Lars Petter Nordhaug nails career best win in GP Cycliste de Montréal

by Kyle Moore at 5:06 PM EST   comments
Categories: Pro Cycling, Race Reports and Results
Outduels Moser and Kolobnev in late break

GP MontrealLars Petter Nordhaug (Sky Procycling) nabbed the biggest victory of his career in the Grand Prix Cycliste de Montréal on Sunday, coming back on Moreno Moser (Liquigas-Cannondale) and Alexander Kolobnev (Katusha) in the closing meters.

The victory is Nordhaug’s second in a month, after the Norwegian took stage three of the Tour of Denmark, and the lesser-known Norwegian rider continues on some sparkling form at the end of the season.

Nordhaug went away for the first time with still 5km to race, in a battle that looked as if it would end with a bunch sprint, with Peter Sagan (Liquigas-Cannondale) strategically placed in the lead bunch for his team. Nordhaug’s gap was never very large with several riders looking to keep him close, and an elite selection of about 25 was present just behind.

With Moser, as well as riders from Vacansoleil-DCM and Katusha chasing, Nordhaug continued to dangle out front alone for more than three kilometres, before being joined by three men with two kilometres to go. Kolobnev made a serious attack with Nordhaug behind him and took the one-kilometre banner alone.

Moser dug deep and dragged the Russian back before making a move for the line on his own, but Nordhaug had clung to the wheel of the young Italian. When Moser started to flag within sight of the line, the Norwegian came out of his wheel and blasted over the line, celebrating his biggest victory.

“It’s incredible. I was riding for [Edvald] Boasson Hagen today, and we thought it was going to be a sprint,” Nordhaug said afterward. “I tried to sit at the front and cover the attack. I saw three guys were coming, I waited a bit, and I thought I wasn’t going to take the sprint, because the other guys were fast. But I had unbelievable legs.

“I have two victories this season, but to win a race like this is the biggest achievement I have ever had.”

Moser was probably the favourite among the final three men, but was out of gas in the finale and could not hold on to the speed he had used to close down Kolobnev.

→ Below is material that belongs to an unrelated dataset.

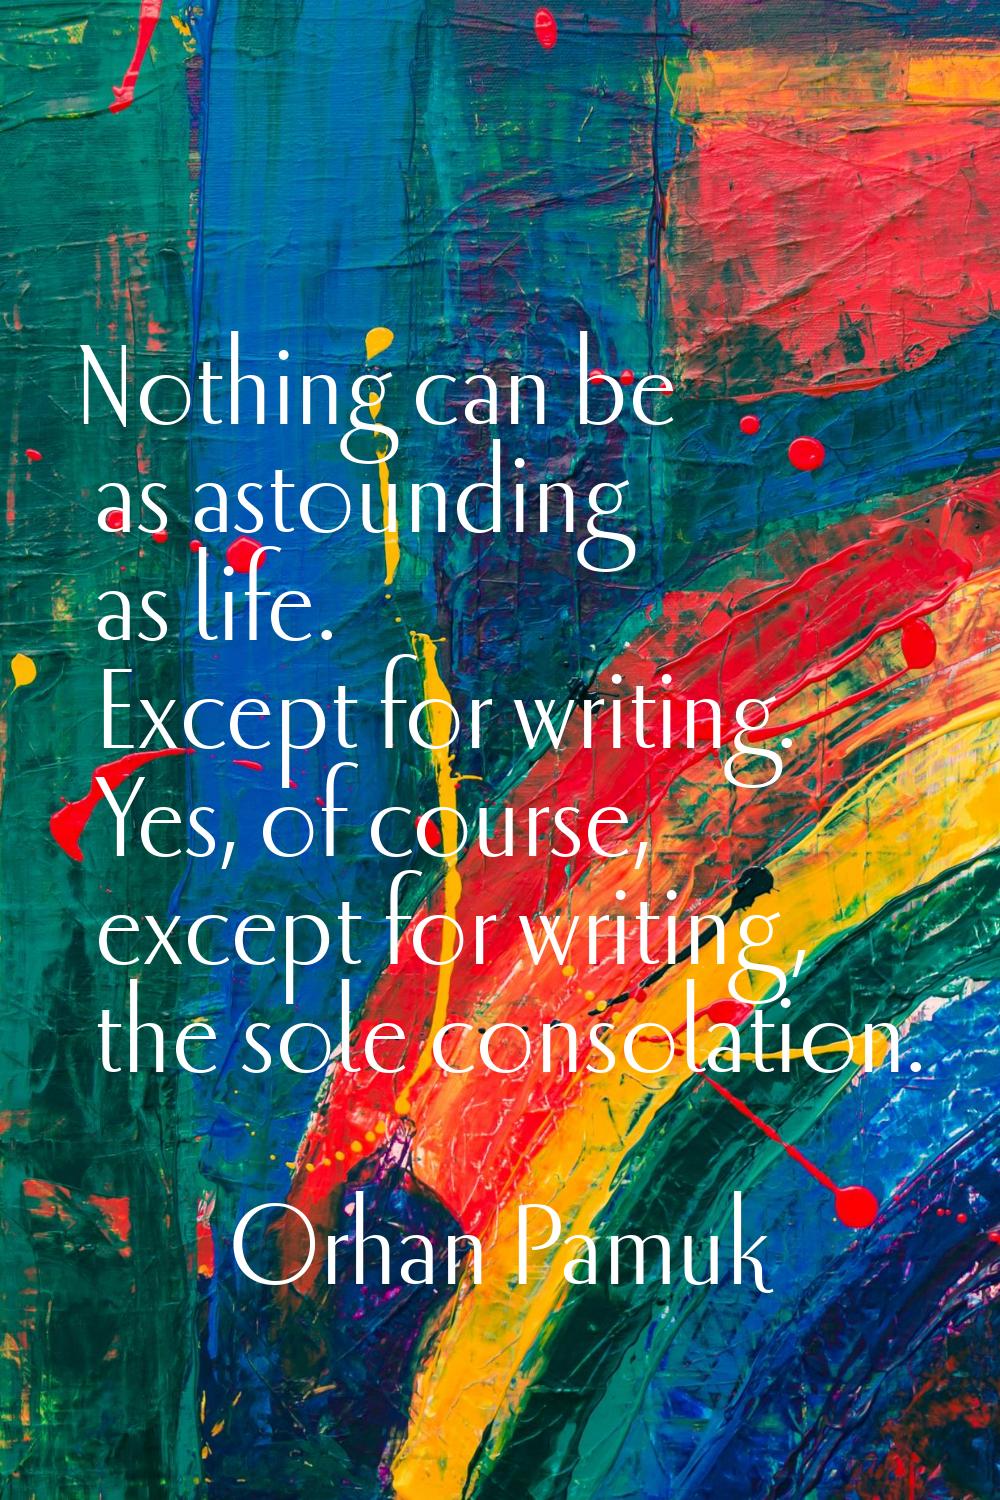 Nothing can be as astounding as life. Except for writing. Yes, of course, except for writing, the s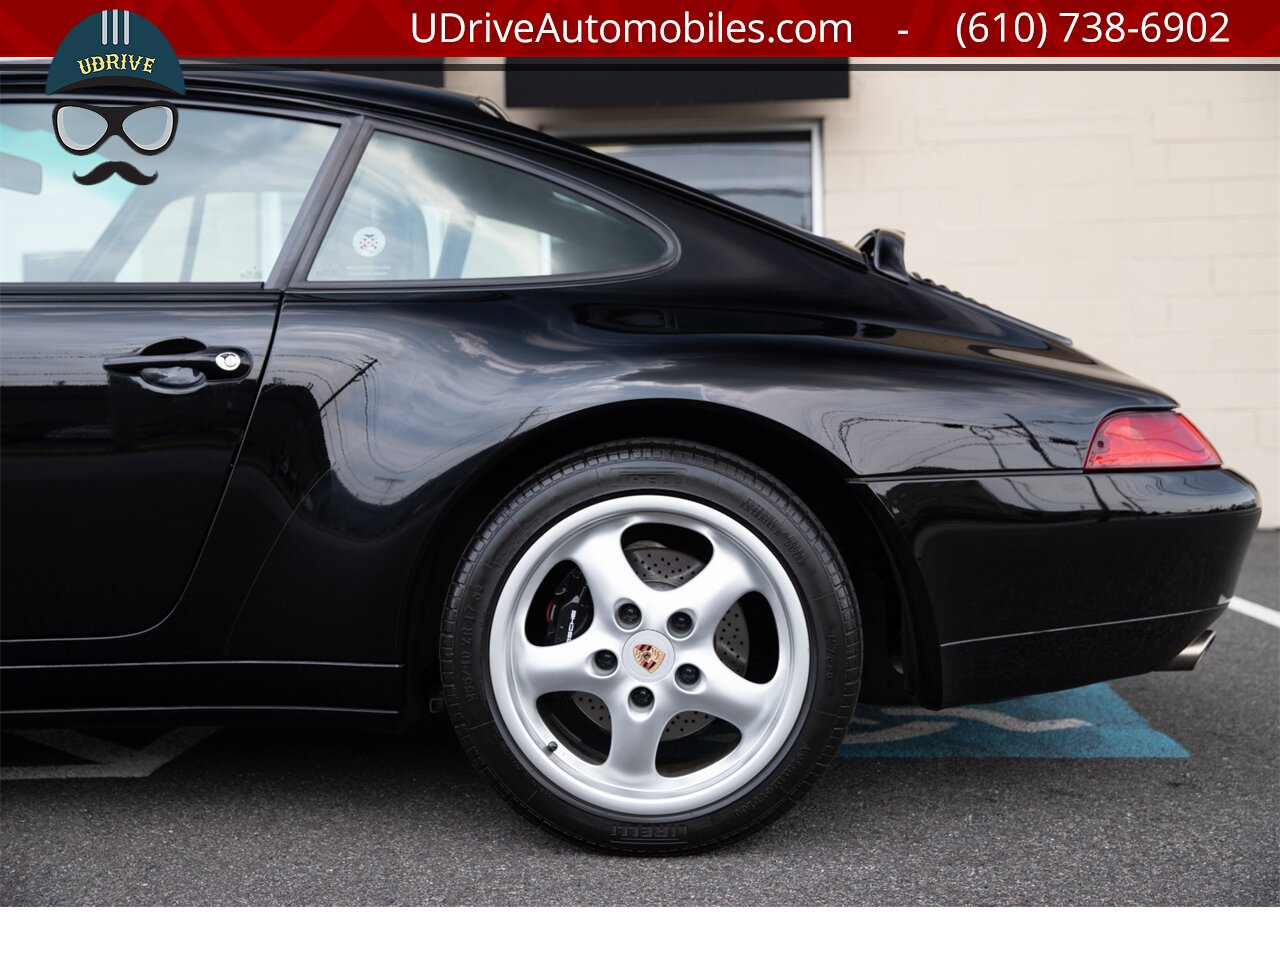 1995 Porsche 911 993 Carrera 6 Speed 16k Miles Service History  Black over Black Spectacular Stock Example 1 Owner Clean Carfax - Photo 22 - West Chester, PA 19382

“In the last 100 meters there was nothing in my legs,” Moser admitted. “It’s a good race. It’s a hard race, but a great race, as there were many people on the climb. At the beginning of the season I didn’t think I would do what I’ve done,” said the five-time winner in 2012.

How the day played out:

The first two-thirds of the 205-kilometre day was highlighted by a three-man breakaway, with a chase group of two trying to bridge but being unable. Cyril Gautier (Europcar), Egoi Martinez (Euskaltel-Euskadi) and Manuele Boaro (Saxo Bank-Tinkoff Bank) got the early television time, as did Kristjan Koren (Liquigas-Cannondale) and Simone Ponzi (Astana), who fought together throughout the first half of the day to get to the front.

The first group of three maxed out its lead at four minutes, with the chasing duo hovering halfway between for the duration of its time out. The race got underway in earnest with 45km to race, when Boaro was dropped on a climb and Koren and Ponzi were pulled back by the peloton.

The Montréal circuit featured two decisive climbs – the Côte de Camilien-Houde and the Côte de la Polytechnique - plus a short uphill leading to the finish line. Mirko Selvaggi (Vacansoleil-DCM) got the attacking underway from the peloton, and after being away for a few kilometres and inspiring a few chasers, all was soon back together. The peloton had cut the gap to the leaders down to 1’50” and shut off the gas momentarily, before Liquigas-Cannondale came to the front with Koren back in.

Samuel Dumoulin (Cofidis) was paced back after a mechanical as the first of several moves was made by Markus Burghardt (BMC Racing), the first of which was covered by Alex Howes (Garmin-Sharp). With 40km to go, Burghardt accelerated again, this time taking a Europcar rider with him. With 35km to go, the peloton shut off once more and Omega Pharma-Quick Step moved forward.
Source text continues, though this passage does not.